■ THE PROBLEM
Reproduce each line of the following material exactly, omitting the images.

■ SOURCE DATA
****************************************

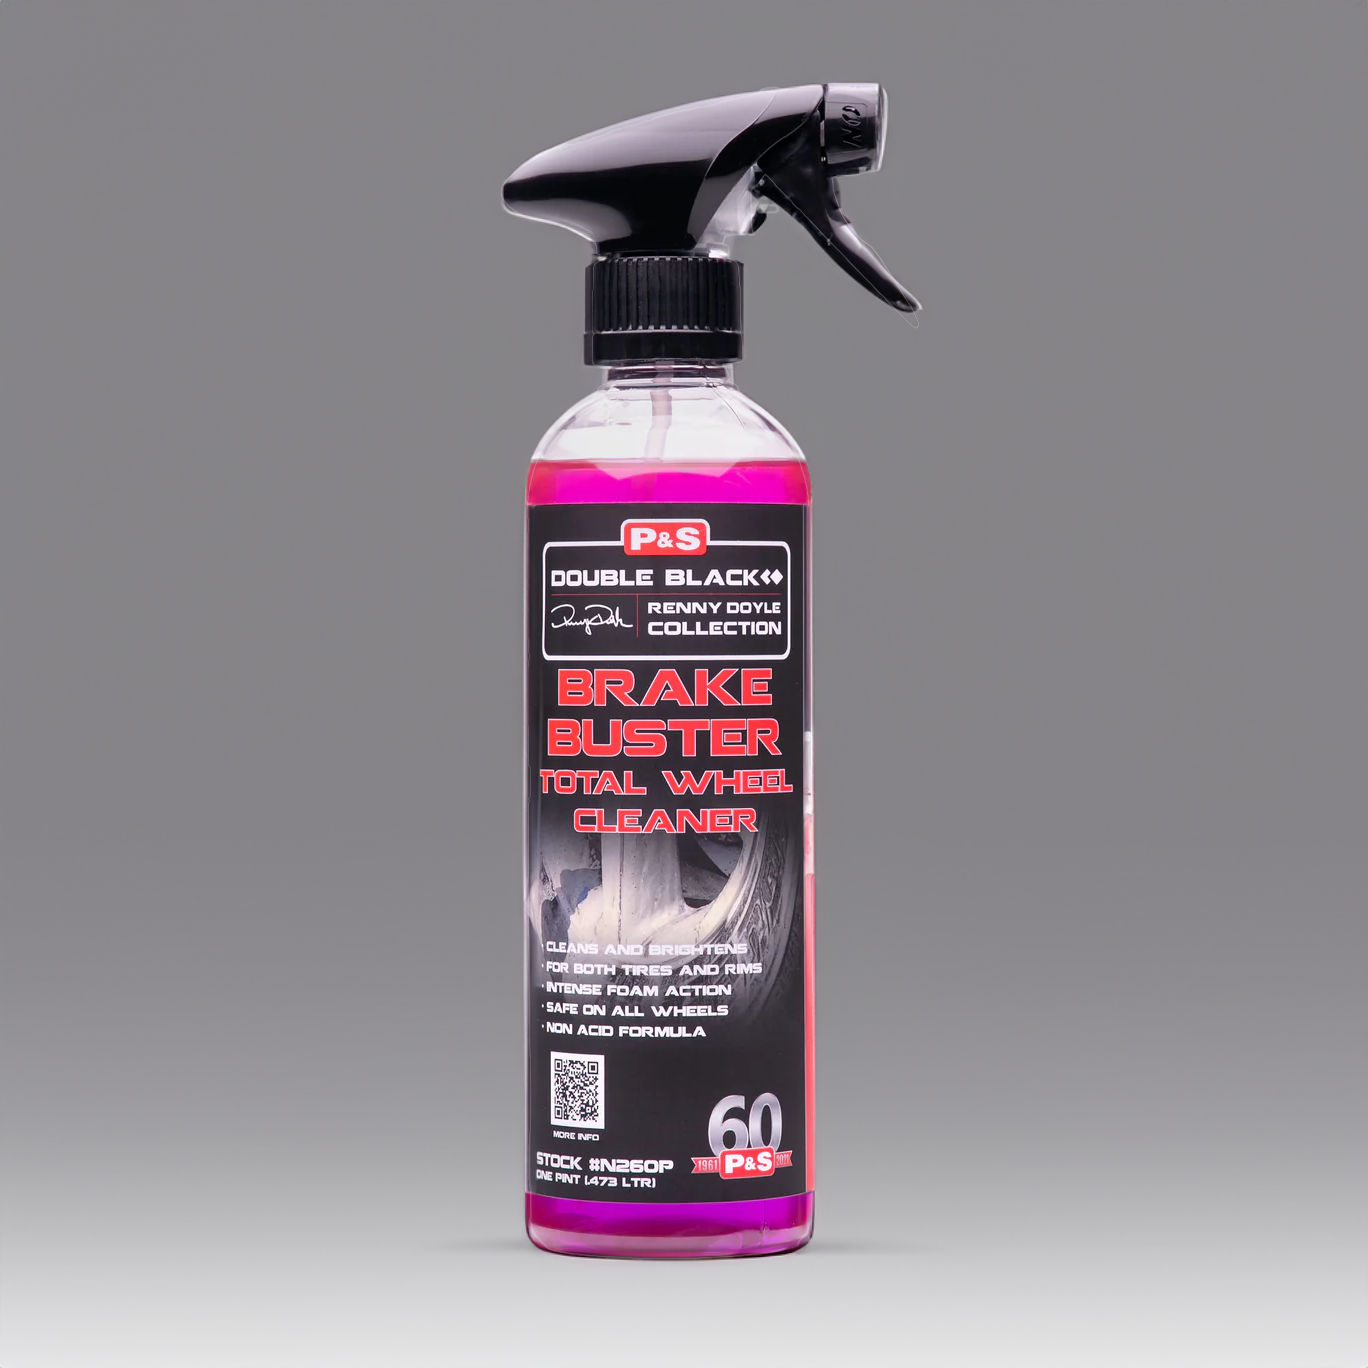 P&S Bead Maker Paint Protectant - Westchester Detailing Supply
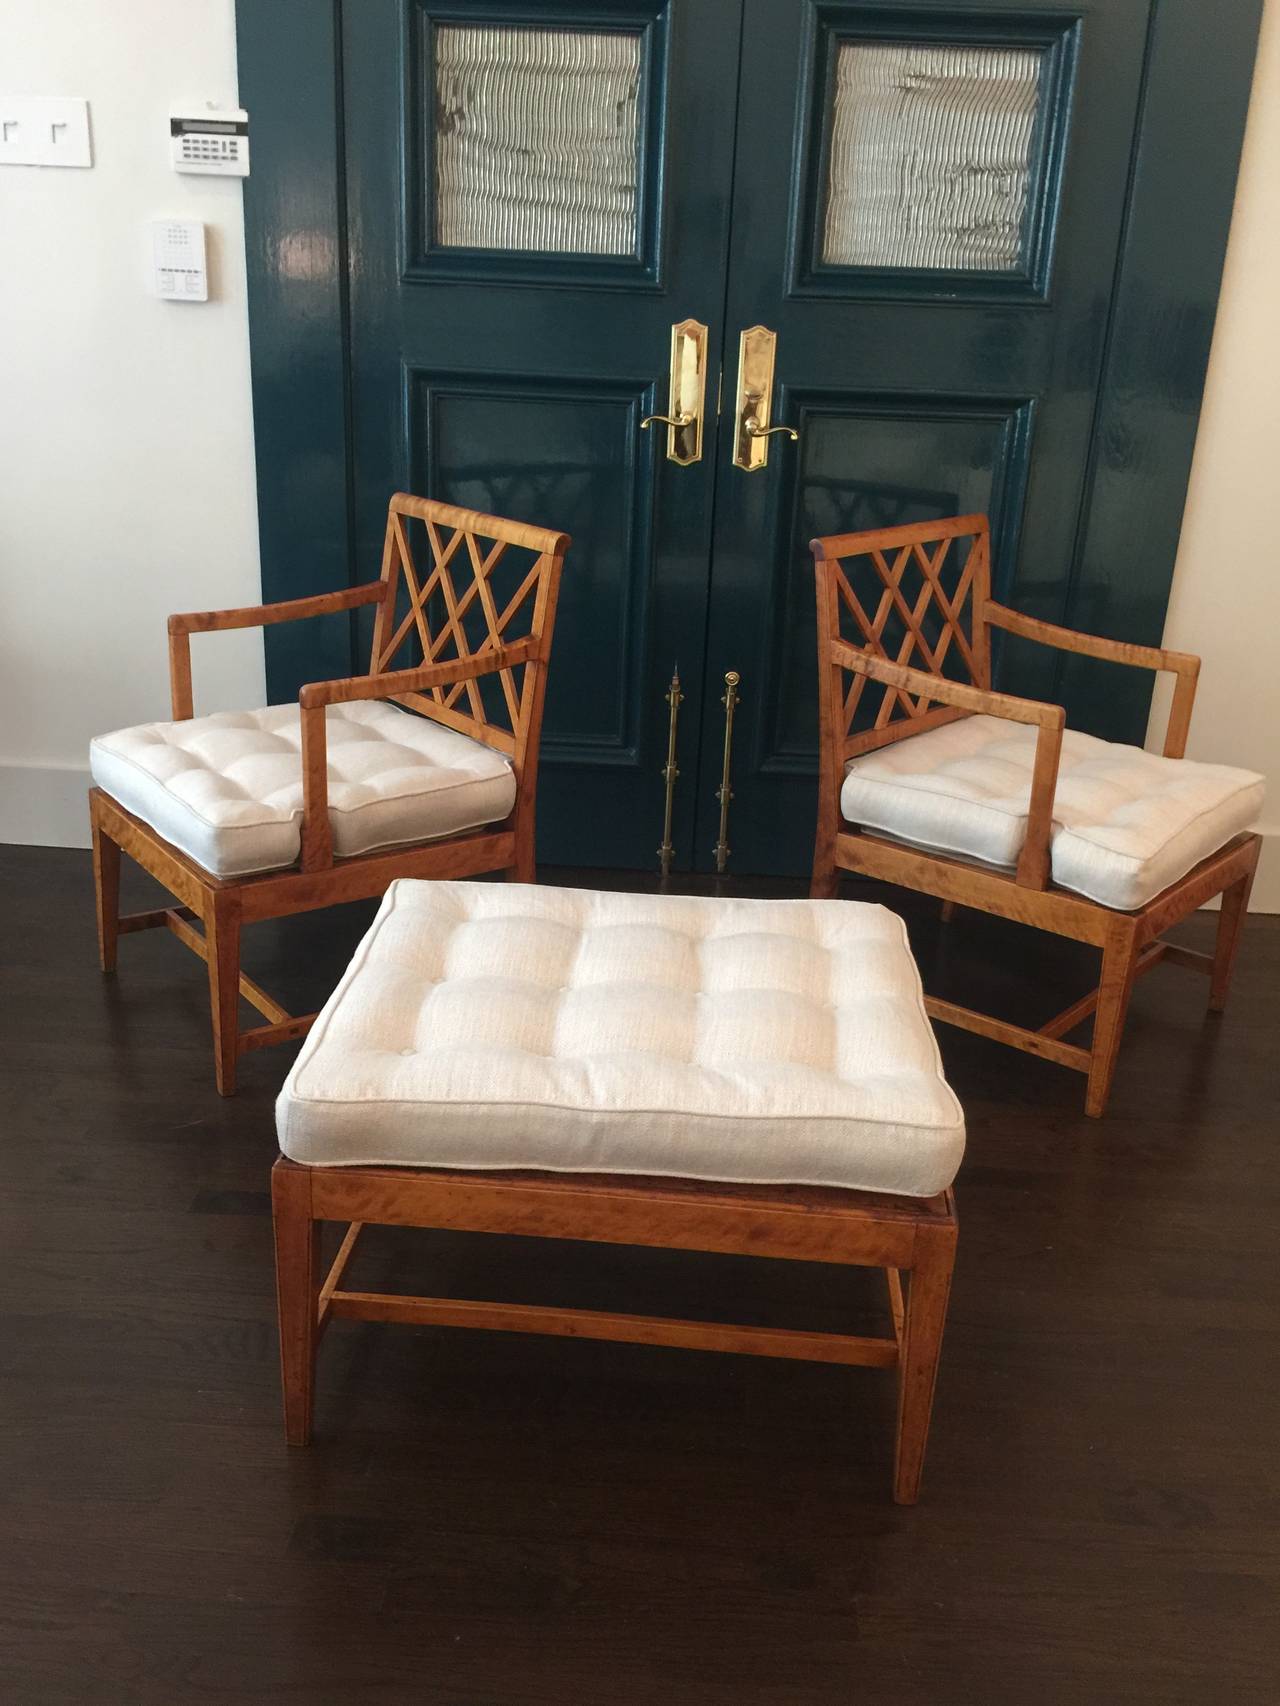 Beautiful pair of armchairs and ottoman in flamed birch by Swedish master, Carl Malmsten. Newly upholstered cushions and light restoration to the wood. These chairs are beautiful examples of early Swedish refined cabinetmaker work.

Chairs: 22.5

****************************************

■ SOLUTION BELOW
 P&S Bead Maker Paint Protectant - Westchester Detailing Supply
 Beautiful pair of armchairs and ottoman in flamed birch by Swedish master, Carl Malmsten. Newly upholstered cushions and light restoration to the wood. These chairs are beautiful examples of early Swedish refined cabinetmaker work.

Chairs: 22.5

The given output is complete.